Exception: If a user's tool selection genuinely fits in 4c/8GB (e.g., a Freelancer bundle with 5-7 tools), the system can offer a Lite option at a lower price. This is not marketed on the pricing page — it appears only during onboarding when the resource calculator determines it's sufficient. This captures price-sensitive users without diluting the brand.

4.2 Tier Definitions

Lite (Hidden) Build Scale Enterprise
Positioning Budget option (not marketed) Default experience Power users Full stack
Server (VPS default) VPS 1000 (4c/8GB) VPS 2000 (8c/16GB) VPS 4000 (12c/32GB) VPS 8000 (16c/64GB)
Tools 5-8 10-15 15-25 All 30
Agents Unlimited Unlimited Unlimited Unlimited
Included AI Models All 5 included models All 5 included models All 5 included models All 5 included models
Included AI Tokens ~8M/mo ~15M/mo ~25M/mo ~40M/mo
Premium AI Metered + markup Metered + markup Metered + markup Metered + markup
Target Customer Solo freelancer SMB (1-10 employees) Agency/e-commerce Power user / regulated

4.3 Cost Model (VPS G12 — Default)

Cost Component Lite Build Scale Enterprise
Netcup VPS €7.10 €13.10 €22.00 €32.50
Included AI (preset-based, full pool usage) €2.91 €6.76 €13.46 €25.05
Monitoring (Uptime Kuma + GlitchTip) €0.50 €0.50 €0.50 €0.50
Backups (snapshots + off-site) €1.00 €1.00 €1.00 €1.00
DNS / Domain (Entri + Netcup reseller) €0.50 €0.50 €0.50 €0.50
Support Tooling (Chatwoot instance, KB) €0.50 €0.50 €0.50 €0.50
Total Variable Cost €12.51 €22.36 €37.96 €60.05

AI cost assumptions (included models only — thoroughly recalculated using preset-based routing):

Costs are modeled by preset usage patterns, not individual models. The system routes through three presets:

  • Basic Tasks preset: 80% GPT 5 Nano ($0.201/M) + 20% Gemini Flash ($1.583/M) = $0.477/M blended
  • Balanced preset (default): 100% DeepSeek V3.2 = $0.333/M blended
  • Complex Tasks preset: 60% GLM 5 ($1.677/M) + 40% MiniMax M2.5 ($0.697/M) = $1.285/M blended

Tier-appropriate preset usage (lower tiers use Complex Tasks less):

Tier Balanced Basic Complex Weighted $/M Pool AI Cost
Lite 85% 10% 5% $0.395 8M €2.91
Build 75% 10% 15% $0.490 15M €6.76
Scale 65% 10% 25% $0.585 25M €13.46
Enterprise 55% 10% 35% $0.681 40M €25.05

Note: GLM 5 inclusion (Decision #33) is the primary cost driver. GLM 5 at $1.677/M blended is 5x more expensive than DeepSeek V3.2 ($0.333/M). Even modest Complex Tasks usage (15-35%) significantly impacts costs. These estimates assume users consume their full token pools — actual costs will likely be lower as many users won't exhaust their allocation. Reduced pool sizes (8-40M vs. prior 10-50M) combined with the price adjustment restore margins to healthy SaaS levels. Prompt caching reduces AI costs by ~5-8% (see Section 11).

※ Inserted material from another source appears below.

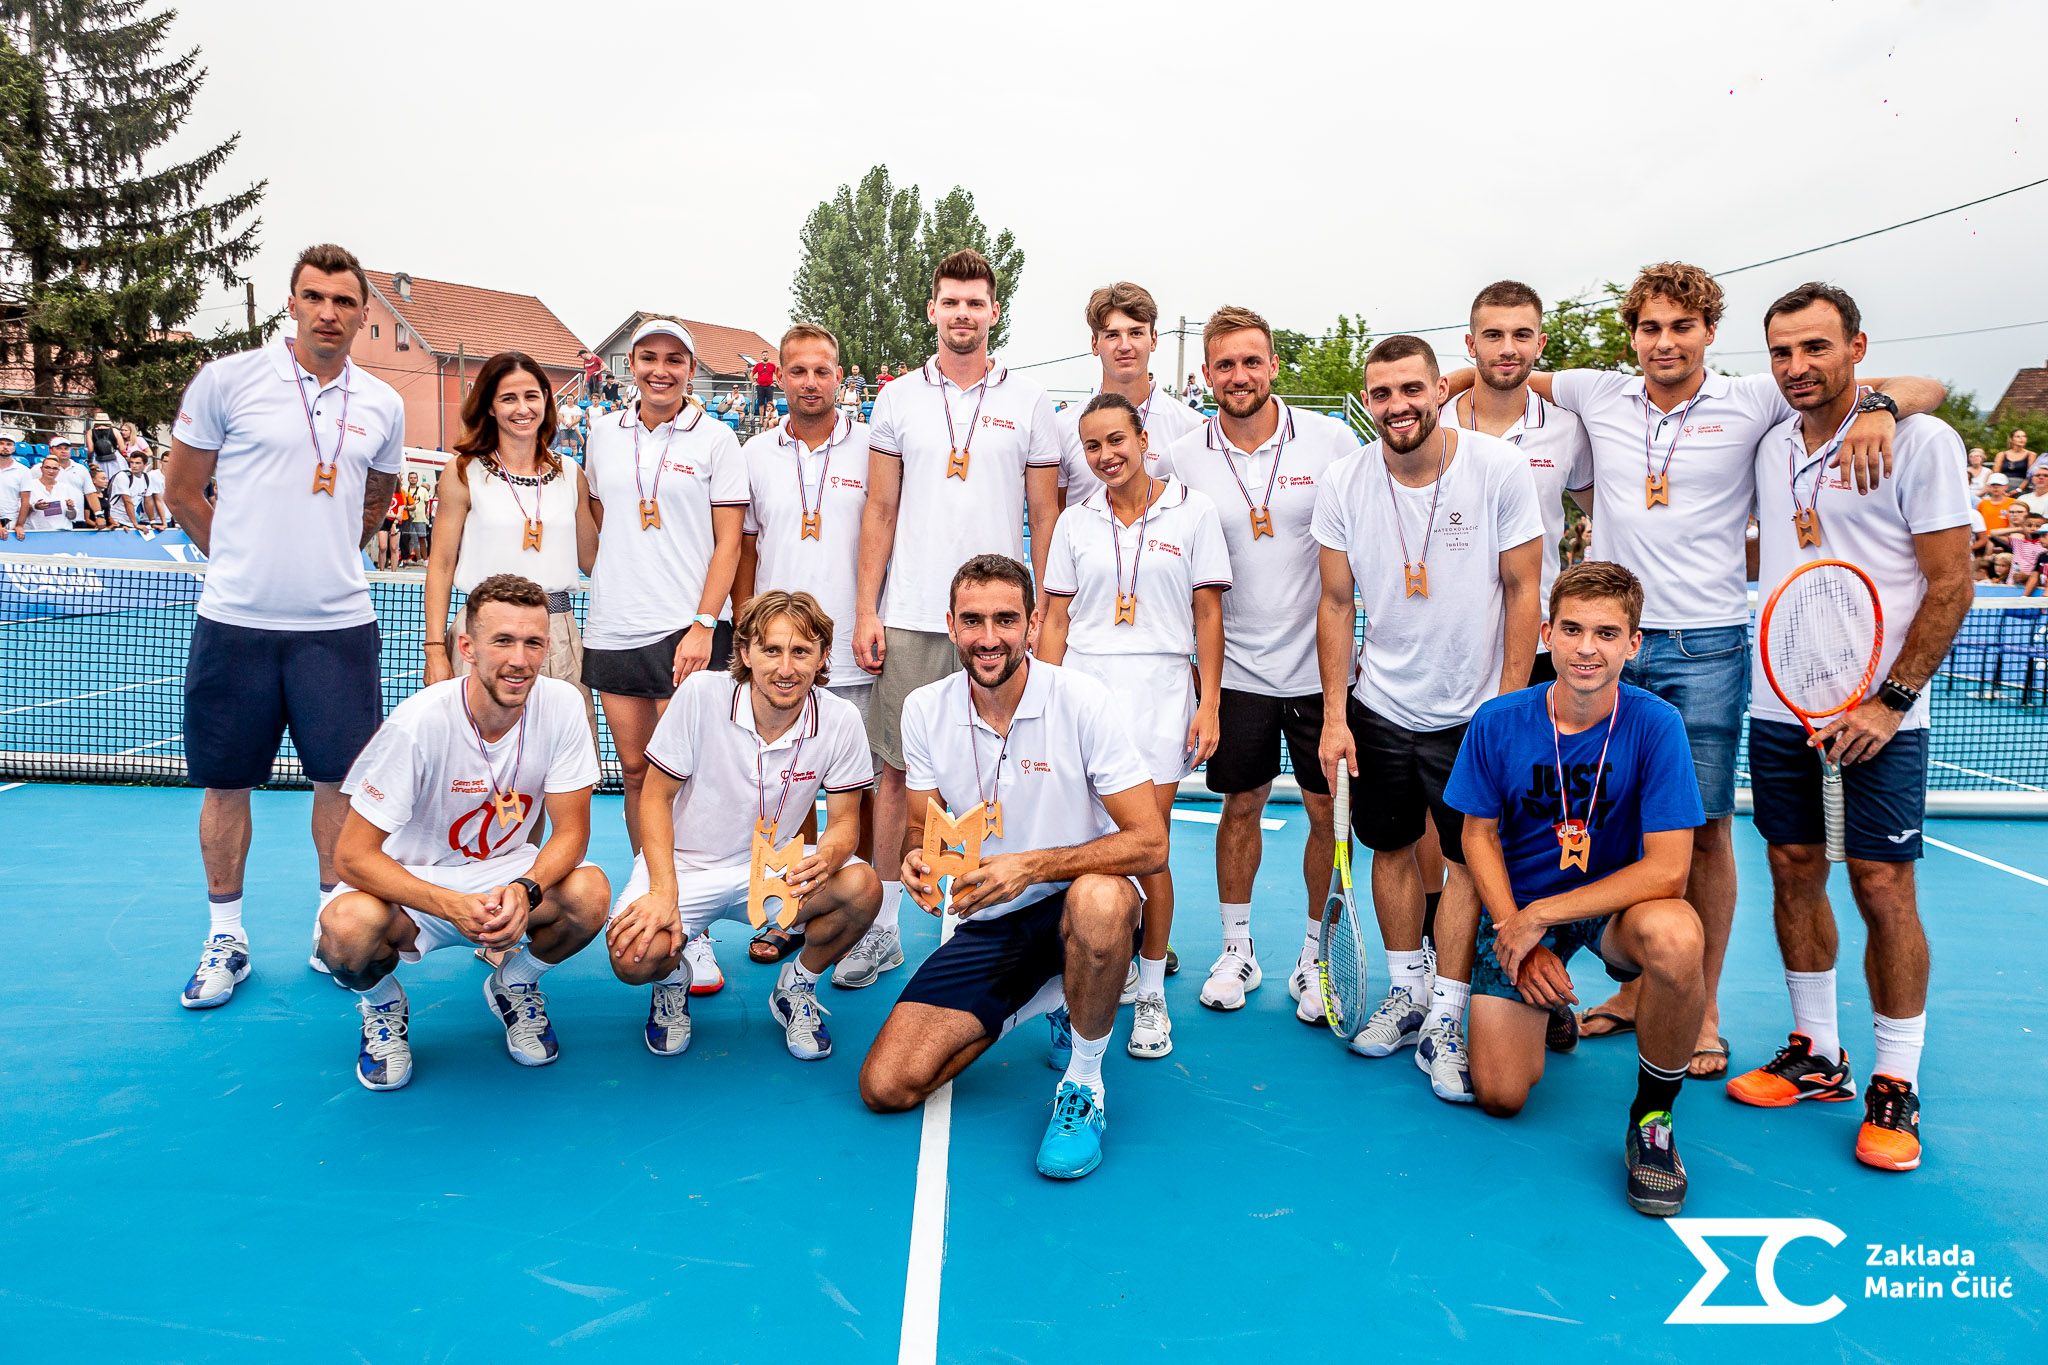 Modrić and Čilić win as Croatia's sport stars gather for charity tennis  tournament | Croatia Week

4.4 Subscription Pricing (VPS G12 — Default)

Lite Build Scale Enterprise
Our Cost €12.51 €22.36 €37.96 €60.05
Subscription Price €29/mo €45/mo €75/mo €109/mo
Gross Margin €16.49 €22.64 €37.04 €48.95
Gross Margin % 56.9% 50.3% 49.4% 44.9%
After Stripe (2.9% + €0.25) €15.40 €21.08 €34.61 €45.54
Net Margin % 53.1% 46.8% 46.1% 41.8%

Margin Analysis (thoroughly calculated from preset-based routing):

These margins assume users consume their full token pools at realistic model mixes. In practice, not all users will exhaust their allocations, so actual margins will be higher. Blended gross margin (weighted by expected 10/45/30/15 tier mix): ~50%. Key observations:

  • All tiers above 44% gross margin. The combination of adjusted pricing (€29-109) and right-sized pools (8-40M) brings margins into healthy SaaS territory across the board.
  • GLM 5 remains the primary cost driver. At $1.677/M, even 5-35% Complex Tasks usage is the dominant AI cost factor. But reduced pools limit the total exposure.
  • Prompt caching improves all margins by ~1-2pp (achievable from Month 3+). See Section 11.
  • Enterprise is still the tightest but at 44.9% it's comfortable rather than concerning.
  • Mitigating factors: (1) Most users won't exhaust full pools; (2) DeepSeek V3.2 as default captures 55-85% of usage; (3) Prompt caching reduces costs; (4) AI model prices tend downward over time.

4.5 Server Upgrade Pricing

Users can upgrade their server beyond what their tool selection requires. Presented as "+€X/mo" in the UI.

VPS → Larger VPS (more resources, shared):

Current Tier Upgrade To Additional Cost
Lite (VPS 1000) Build (VPS 2000) +€16/mo (switches to Build tier)
Build (VPS 2000) Scale (VPS 4000) +€30/mo (switches to Scale tier)
Scale (VPS 4000) Enterprise (VPS 8000) +€34/mo (switches to Enterprise tier)

VPS → RS (Performance Guarantee — dedicated cores):

Tier VPS Price RS Price Uplift
Lite €29/mo €35/mo +€6/mo
Build €45/mo €55/mo +€10/mo
Scale €75/mo €89/mo +€14/mo
Enterprise €109/mo €149/mo +€40/mo

4.6 RS G12 Full Cost Model (Performance Guarantee)

Lite Build Scale Enterprise
Netcup RS €8.74 €14.58 €27.08 €58.00
AI + Other Costs €5.41 €9.26 €15.96 €27.55
Total Variable Cost €14.15 €23.84 €43.04 €85.55
RS Subscription Price €35/mo €55/mo €89/mo €149/mo
Gross Margin €20.85 €31.16 €45.96 €63.45
Gross Margin % 60% 57% 52% 43%

5. Premium AI Model Revenue

5.1 Sliding Markup Structure

Premium models use a sliding markup: higher % on cheaper models, lower % on expensive ones. This keeps premium models competitively priced (encouraging adoption) while still generating meaningful absolute margin.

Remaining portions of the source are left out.